Search GitHub repositories or users via the public GitHub REST API and get back clean, structured rows. No API key required — but adding a free GitHub token raises your rate limit dramatically (60 → 5000 requests/hr), which matters for larger jobs.

What you get

Repositories (type: repositories): fullName, name, owner, url, description, stars, forks, openIssues, language, topics[], license (SPDX id), homepage, defaultBranch, createdAt, updatedAt, pushedAt.

Users / organizations (type: users) — each result is enriched with profile details: login, url, type, id, name, bio, company, location, blog, followers, publicRepos, createdAt.

Every successful row also carries ok: true. Diagnostic rows (no results, bad input, rate limit, network) carry ok: false plus an errorCode and error message, and are never charged.

Nullable fields: GitHub only returns what a repo/user actually sets, so optional fields are null when absent — e.g. repo description, language, license, homepage; user name, bio, company, location, blog. These nulls are normal and still count as complete rows.

Input

FieldNotes
queryGitHub search syntax.
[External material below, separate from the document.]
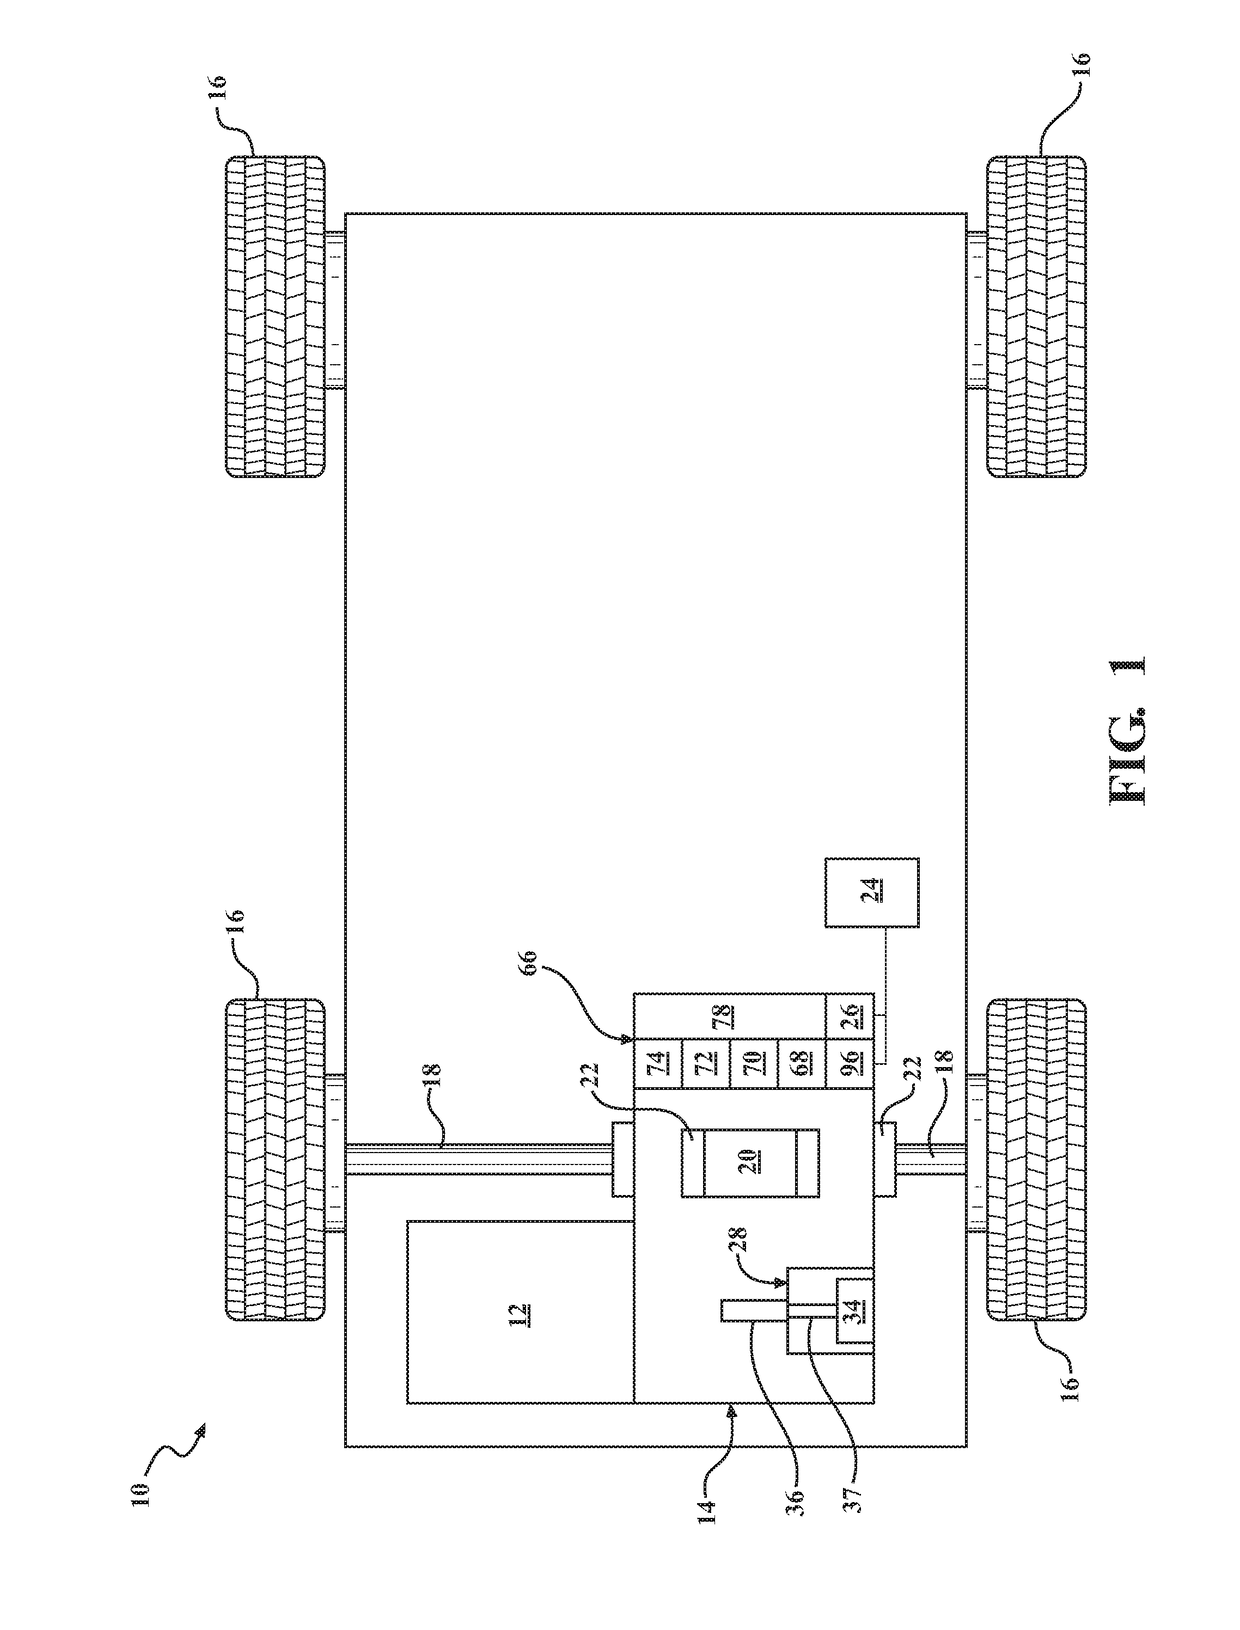 Multi-pressure hydraulic control system for a dual clutch automatic transmission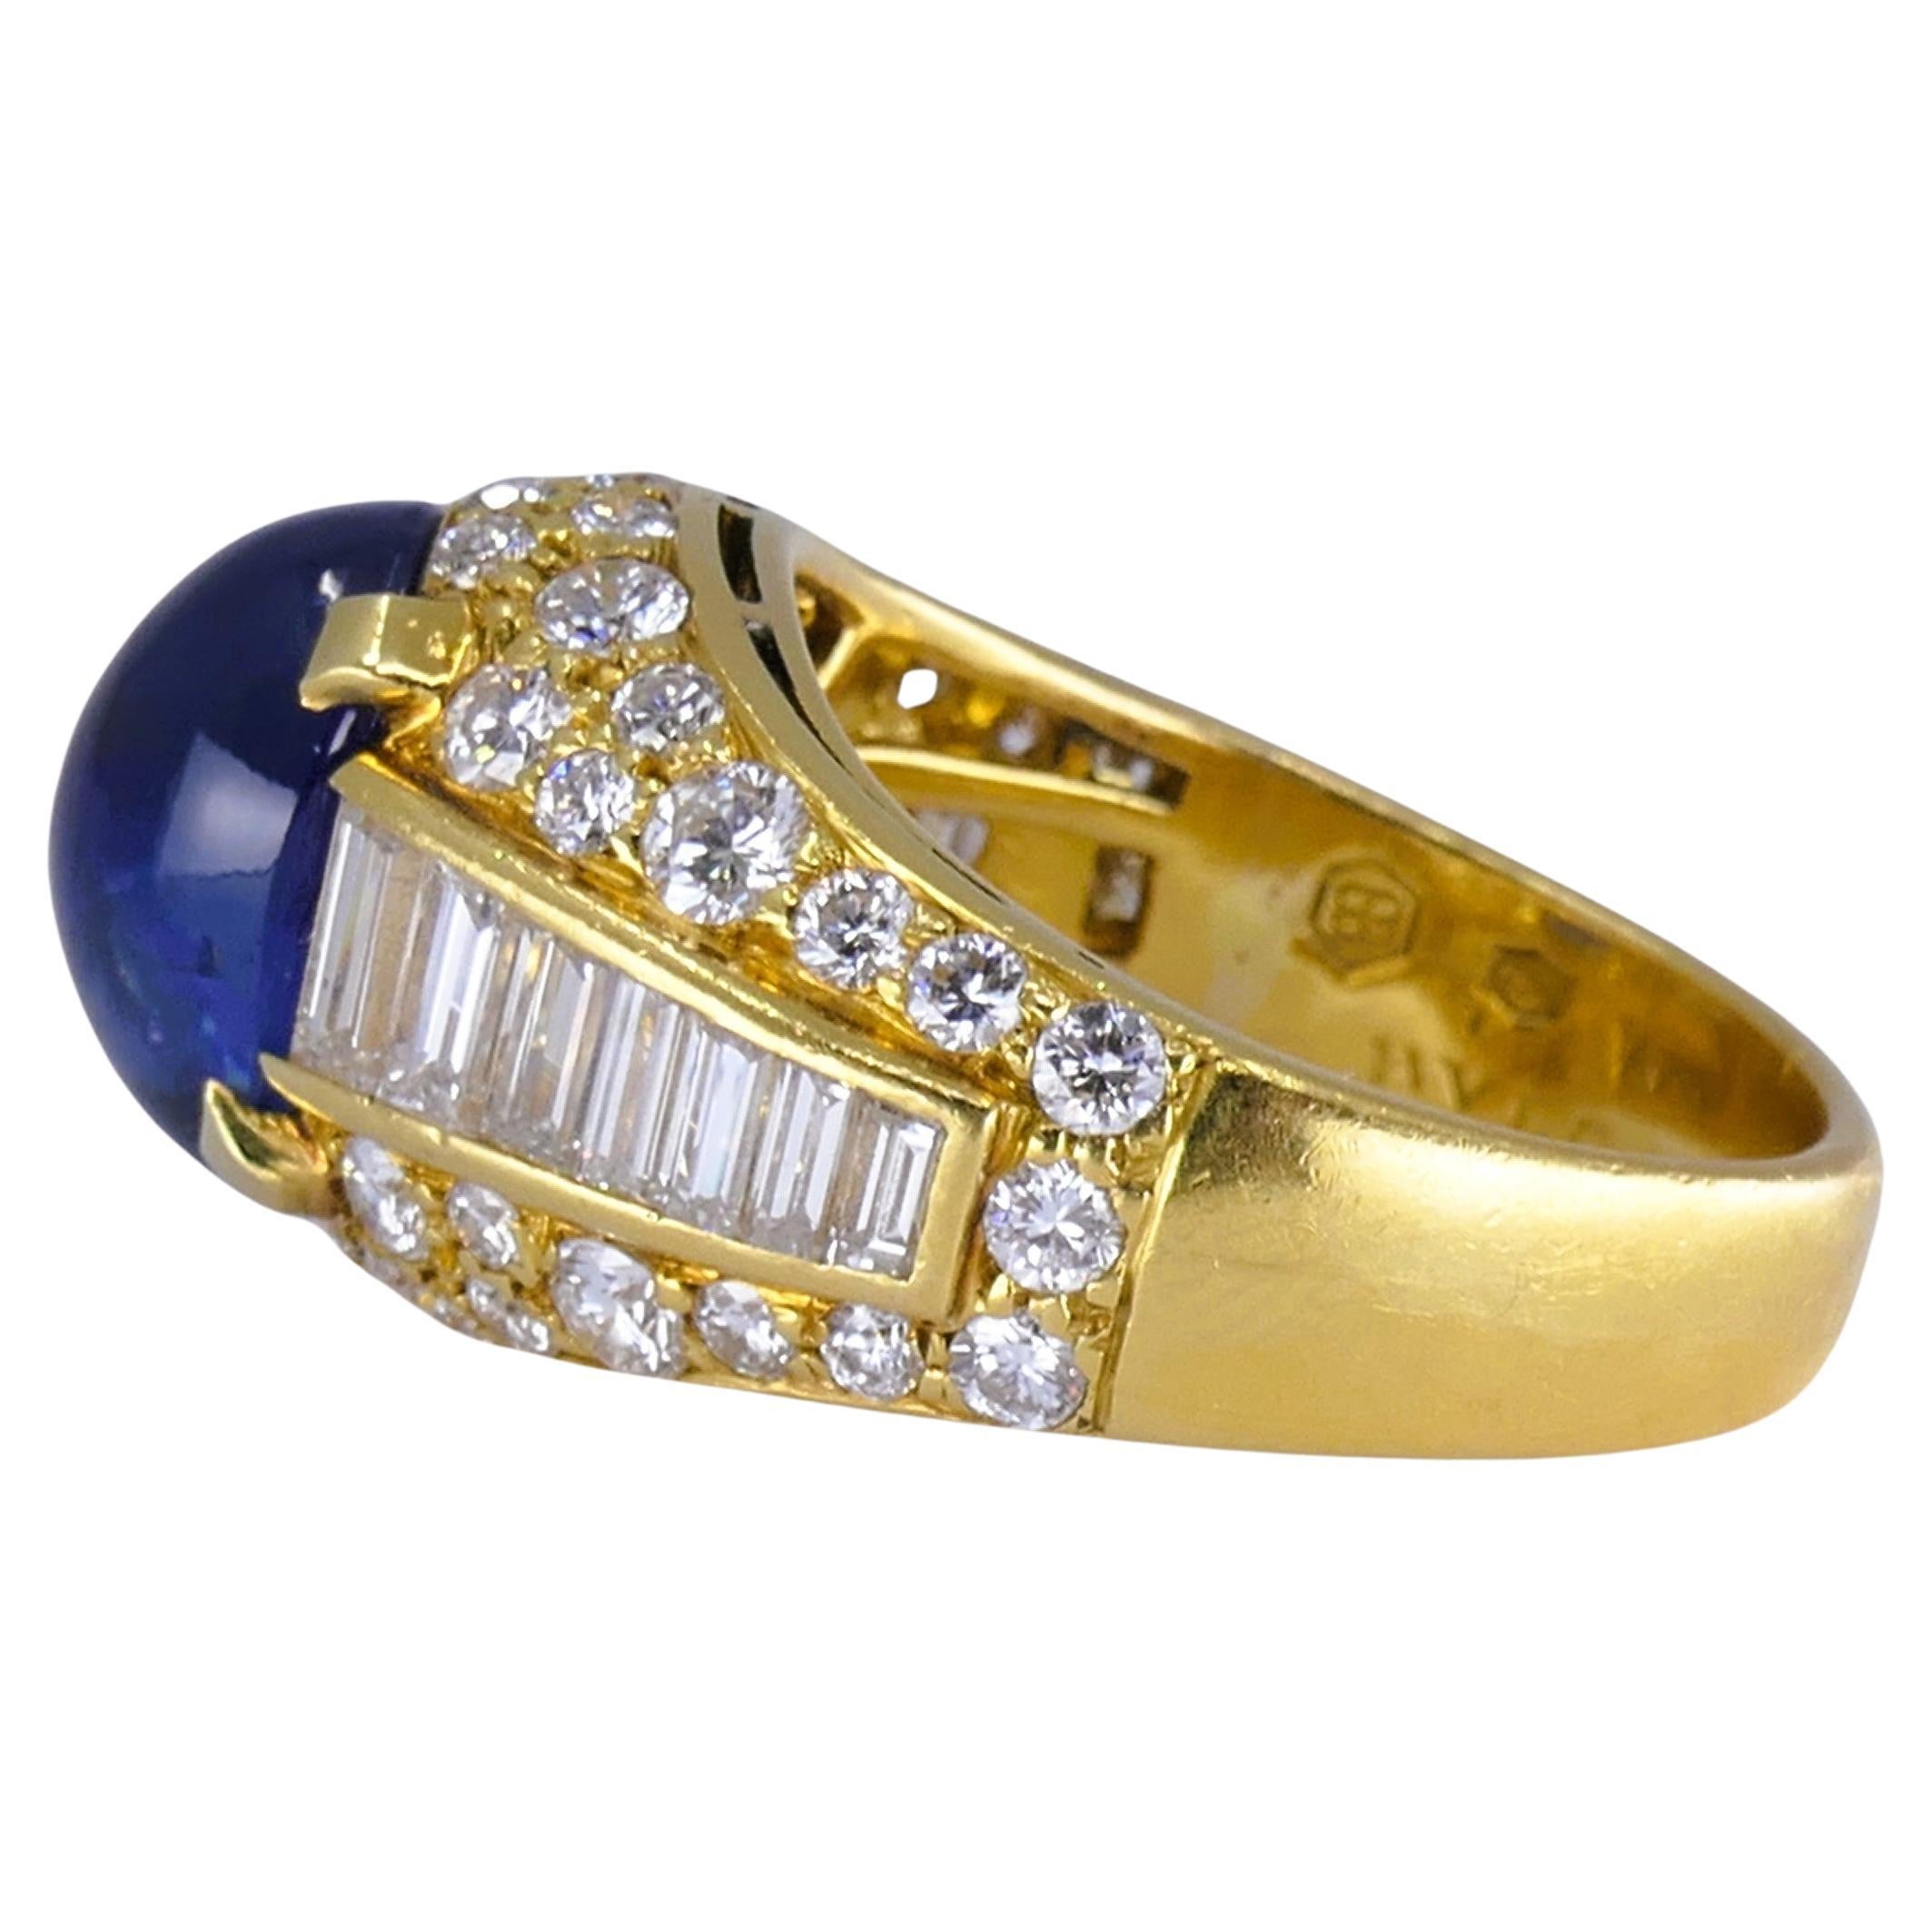 Vintage Bulgari Trombino Ring Sapphire Diamond Gold 18k Estate Jewelry For Sale 2

Repos: language:python stars:>1000 machine learning, topic:cli. Users: location:berlin followers:>500.
typerepositories (default) or users.
sortstars (default), forks, updated, or best-match. Applies to repository searches.
maxItemsDefault 100, max 1000 (GitHub's Search API cap).
githubTokenOptional but recommended — raises limits to 5000 req/hr and 30 searches/min. No scopes needed for public data. Kept private.

Output

One dataset row per repository or user, deduplicated by fullName / login. Queries with no matches return a single NO_RESULTS row and are not charged. An empty/missing query returns a single BAD_INPUT row (also not charged) instead of failing the run.

Rate limits

GitHub allows 60 requests/hr unauthenticated (10 searches/min) and 5000/hr with a token (30 searches/min). The Search API also caps at 1000 results per query. If you hit the limit, the actor returns a clear RATE_LIMITED row (with the reset time) suggesting you add a githubToken — it does not silently fail. This applies to user searches too: the per-user profile enrichment step makes one request per result, so a tokenless user search can exhaust the 60/hr budget — if that happens mid-enrichment, the actor surfaces a RATE_LIMITED row rather than returning zero rows silently.

Troubleshooting

  • Got a RATE_LIMITED row — add a free githubToken (60 → 5000 req/hr) and re-run; user searches especially benefit because each result triggers a profile-detail request. The row includes rateLimitResetsAt so you know when to retry.
  • Got a NO_RESULTS row — the query ran but matched nothing; broaden it or check GitHub search qualifiers.
  • Got a BAD_INPUT rowquery was empty; provide a search string.
  • These diagnostic rows have ok: false and are never charged.

Example

{ "query": "language:python stars:>5000 web framework", "type": "repositories", "sort": "stars", "maxItems": 100 }

Notes

To pull more than 1000 results, split the job by a qualifier — e.g. star bands (stars:1000..5000, stars:5001..20000) or creation date windows (created:2022-01-01..2022-12-31).